2021-07-11 20:56:46,601	INFO -- MainProcess <ipython-input-449-8d1b7e0d6f71>:3 -- Welcome to the Georgian NLP toolset demo


In [450]:
# functions
def file_path(file_name):
    """generates abs path relative to the Package and modules"""
    data_dir = os.path.abspath('')
    f_path = os.path.join(data_dir, file_name)
    # check if the path exists
    if os.path.exists(f_path):
        return f_path
    else:
        raise FileNotFoundError

def is_not_printable(word, letters_only = True):
    """
    Checks if the string contains the printable symbols
    :param word:
    :param letters_only:
    :return True or False:
    """

    for char in word:
        if char not in letters:
            return True


def sizeof_fmt(file_size, suffix='B'):
    """
    Returns the Human Readable file volume unit from num
    :param suffix: default
    :param file_size: file size in integer
    :return:
    ref: https://stackoverflow.com/questions/1094841/reusable-library-to-get-human-readable-version-of-file-size
    """
    for unit in ['', 'Ki', 'Mi', 'Gi', 'Ti', 'Pi', 'Ei', 'Zi']:
        if abs(file_size) < 1024.0:
            return "%3.1f%s%s" % (file_size, unit, suffix)
        file_size /= 1024.0
    return "%.1f%s%s" % (file_size, 'Yi', suffix)

In [451]:
numbers = set("0123456789")
symbols = set("!\"#$%&\'()*+,-./:;<=>?@[\\]^_`{|}~ \t\n\r\x0b\x0c")
letters = set('ქწერტყუიოპჭღთასდფგჰჯკლშჟ₾ზხცვბნმძჩ')
printable = set().union(*[numbers, symbols, letters])

In [452]:
class FileToProcess():
    def __init__(self, file_name=None, stop_words="data/stops.txt"):

        if not file_name:
            raise ValueError("Init FileToProcess class with path to the file as file_name argument ")

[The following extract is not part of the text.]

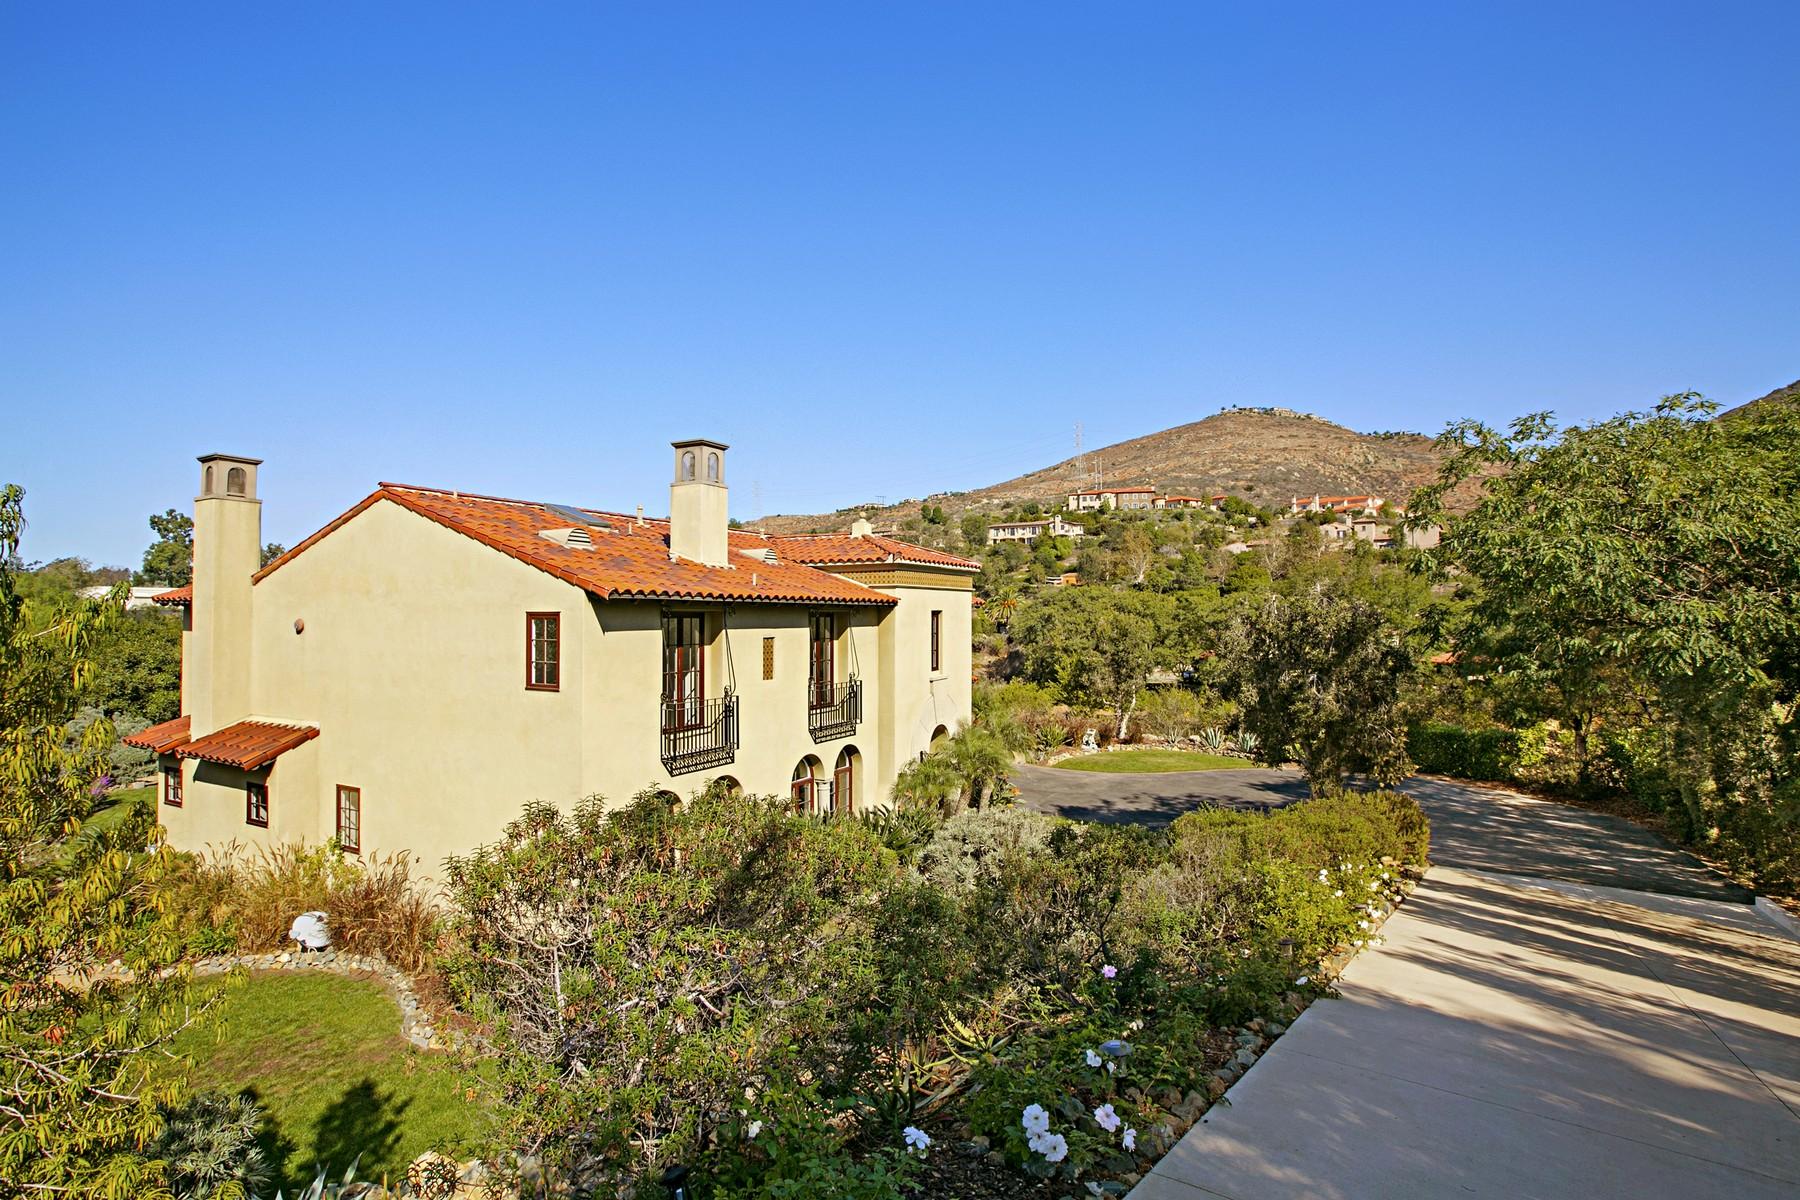 Single Family Home for Sale at 7718 La Orquidia Rancho Santa Fe, California 92067 United States

        self.file_name = file_name
        self.__path = file_path(file_name)
        self.__status = os.stat(self.__path)
        self.__file_object = None

        self.stop_words = set(line.strip() for line in open(file_path(stop_words), encoding='utf-8'))
        self.sequence = []
        self.file_size = sizeof_fmt(self.__status.st_size)

    def load_file(self, max_num_of_lines = -1):
        with open(self.__path, mode='r', encoding='utf-8') as text_file:
            for n, line in enumerate(text_file):

                if n == max_num_of_lines:
                    break

                try:
                    fix_encoding(line)
                    line = line.strip('\n')
                    self.sequence.append(line)

                except Exception as error:
                    print(f"During handling the sentence \"{line}\", following error has occured: {error}")
        # Finally:
        log.info(f'Number of lines in sequence: {len(self.sequence)}')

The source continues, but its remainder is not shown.